Исай Георгиевич Шутов не такой. Он без толку матюкаться и плакать не станет. Тёртый он тип, раз в заокеанские академики пролез: ходы-выходы знает, и пропуска к ним имеет, на любой случай. С распиской-то в руках до самого-самого верху дойдет. Аж до самого Главного. С Сан Саныча-то неподдельной подписью. Осрамит Ходикова на весь мир и достойно накажет. Ладно если только оштрафует, тринадцатой зарплаты лишит. И пенсии. А что если еще чего похлеще придумает с его-то ёмким, неугомонным и, несомненно, подлым умом. Изобретатель все-таки. А что если вообще – вечный позор и тюрьма?

Хотя, с другой стороны – откуда, собственно, было Сан Санычу предугадать, что с распиской этой судьбоносная такая оплошность выйдет? Не мог же он, в самом деле, заранее знать что за неистовый механизм – эта самая, академика Шутова «Машина Времени». И что за коварный, прямо-таки подколодной змеи потенциал в ней, за внешне относительно невредными чертежами и формулами заложен…

Ему ведь попервоначалу и самому эта идея вполне даже интересной показалась, занимательной, перспективной: по ошибкам прошлого поганой метелкой пройтись. Дусе, к примеру, побольше ласковых слов за их долгую совместную жизнь подшептать. Задним, как говорится, числом и порядком. А то ведь по будням-то всё просторного времени за тридцать лет, как следует, не нашлось. Или опять же – всё ту же Дусю свою чем-нибудь поистине стоящим, всемирно-историческим побаловать. Спасенную, к примеру, тополиную Искоростень, столицу древлян-погорельцев, к ногам ей положить. Как Шлиман в свое время женке своей – им лично, собственноручно отрытую Трою. Чтобы было и у нее что-то своё, материальное ощутимое, чем можно перед подругами похвастать. «Вот мол, какой у меня супруг, не просто замшелый планктон офисный, а значительный, по глобально-эпохальным решениям специалист…»

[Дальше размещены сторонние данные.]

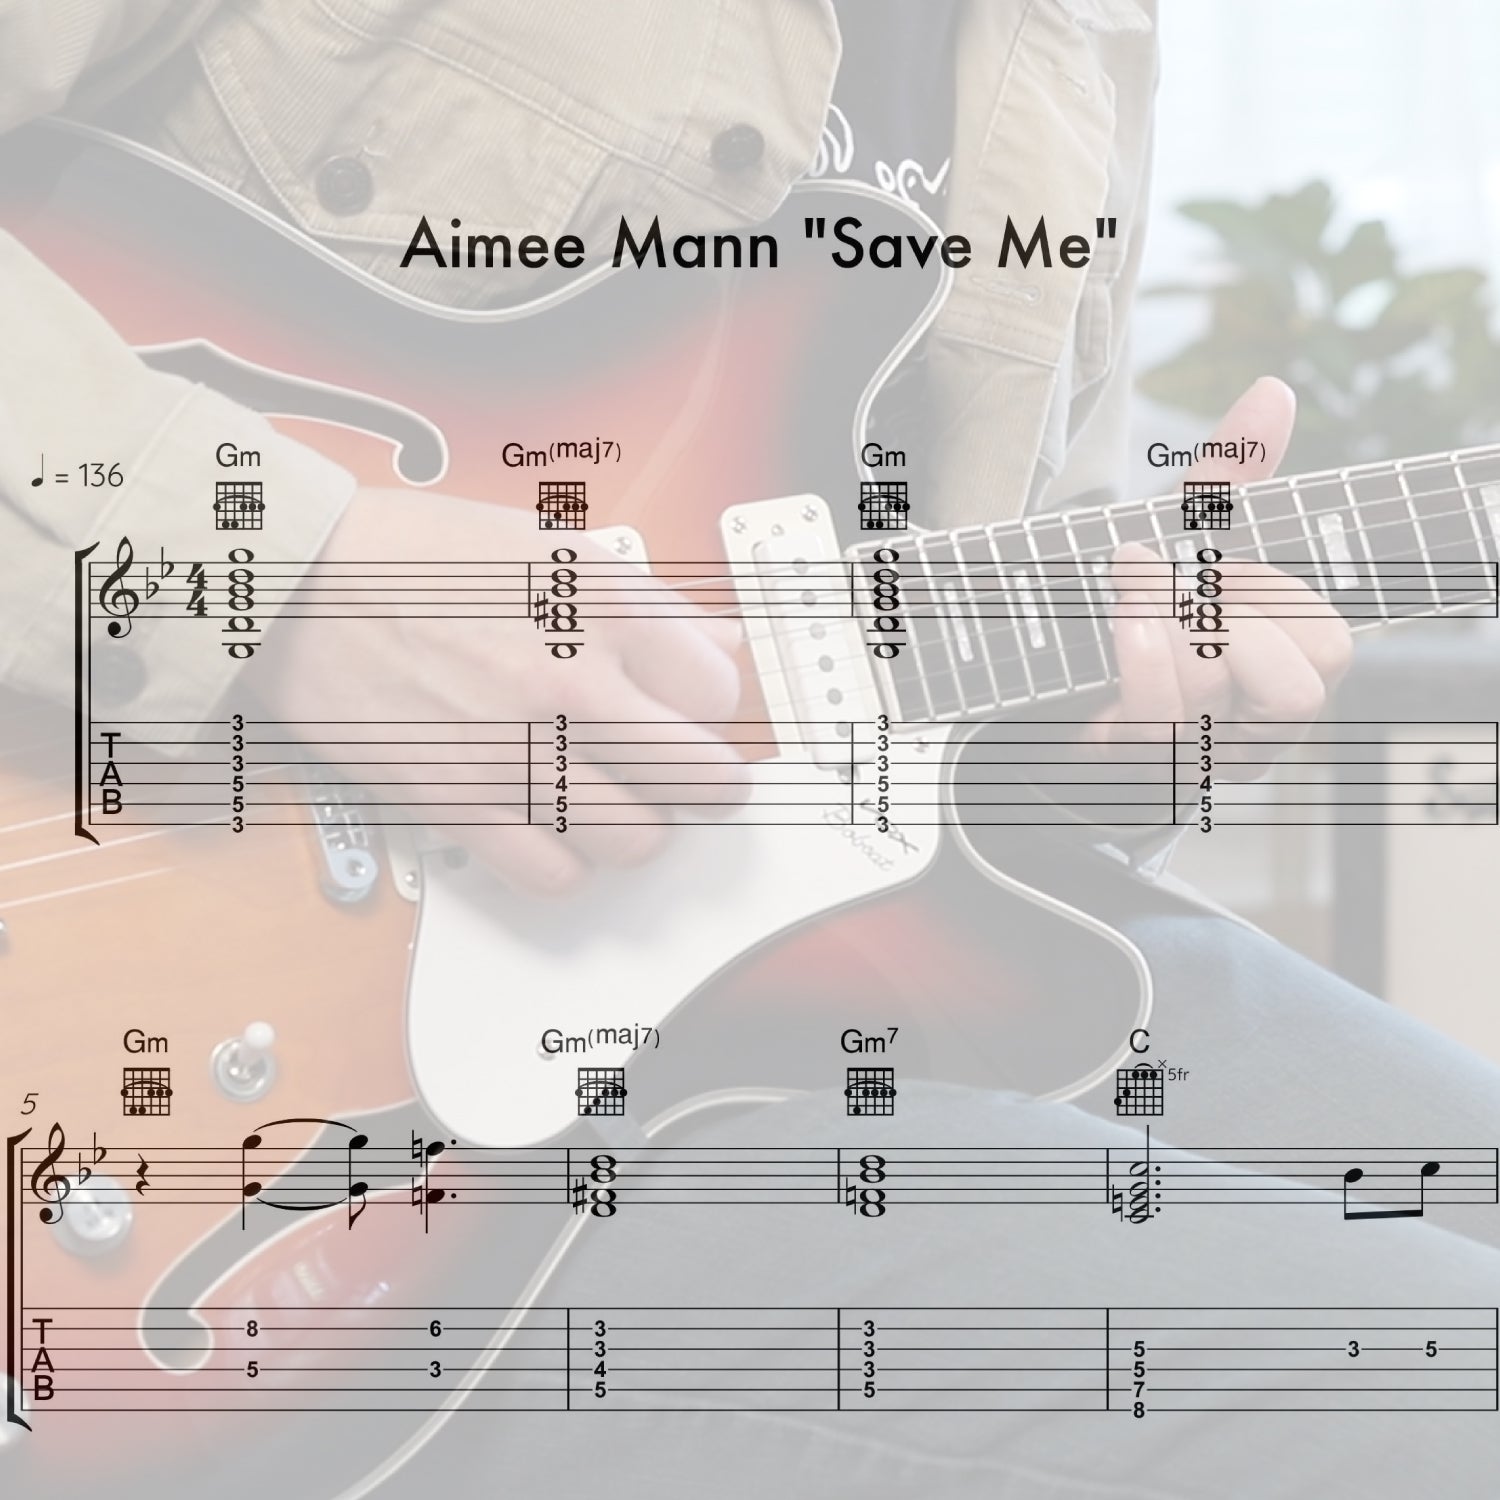 Aimee Mann "Save Me"

Ради такого дальновидного дара любви Сан Саныч ни времени своего в последующую за визитом академика Шутова рабочую неделю не пожалел, ни сил. Ночами, что студент в сессию – сидел, чертежи с формулами сверял, туда по многу раз прогонял, и обратно. И днем тоже с шутовской той папкой не расставался. Справки в библиотеке наводил, на счетах с утра до вечера щелкал, да и гуглил до полнейшего отупения.

Так, за пару бессонных рабочих суток освежил-таки Сан Саныч в своей памяти подзабытую было теорию относительности. Ничего-то в ней, как выяснилось, со времен его, сорокалетней давности «физтеха» не изменилось. Так только, по мелочам, что-то из потенциальных возможностей прибавилось, что-то, наоборот, права на научную свою состоятельность не оправдало. И пионы Ходиков повторно одолел, и парадоксы с разлетевшимися во имя науки близнецами. Получил еще раз общее рабочее представление о достижениях в физике элементарных частиц, о кварках, о мезонах, о лептонах, о больших и малых поперечных импульсах и прочей, сосуществующей с человеком невидной мелкоте.

Основательно и научно подковавшись, ознакомился Сан Саныч, наконец, и с заключением шутовского проекта. Тоже мысленно с его монументальностью согласился.

В заключительной части своего труда, на первый взгляд, вроде бы и вовсе даже некстати, Исай Георгиевич взялся за критику позиции популярного столичного публициста Погодина. В проведенной «Вестником Демократии» дискуссии на тему «Мы – и наши Силы!» публицист этот, отвечая на вопрос – «А был ли сталинизм в нашей стране явлением неизбежным и закономерным?» – заявил, что дескать, спор об альтернативной административно-командной модели социализма следует считать принципиально неразрешимым, так как задним числом нельзя сказать и доказать, могли ли события развиваться иначе, как впрочем, нельзя доказать и обратное. Никак нельзя, и точка.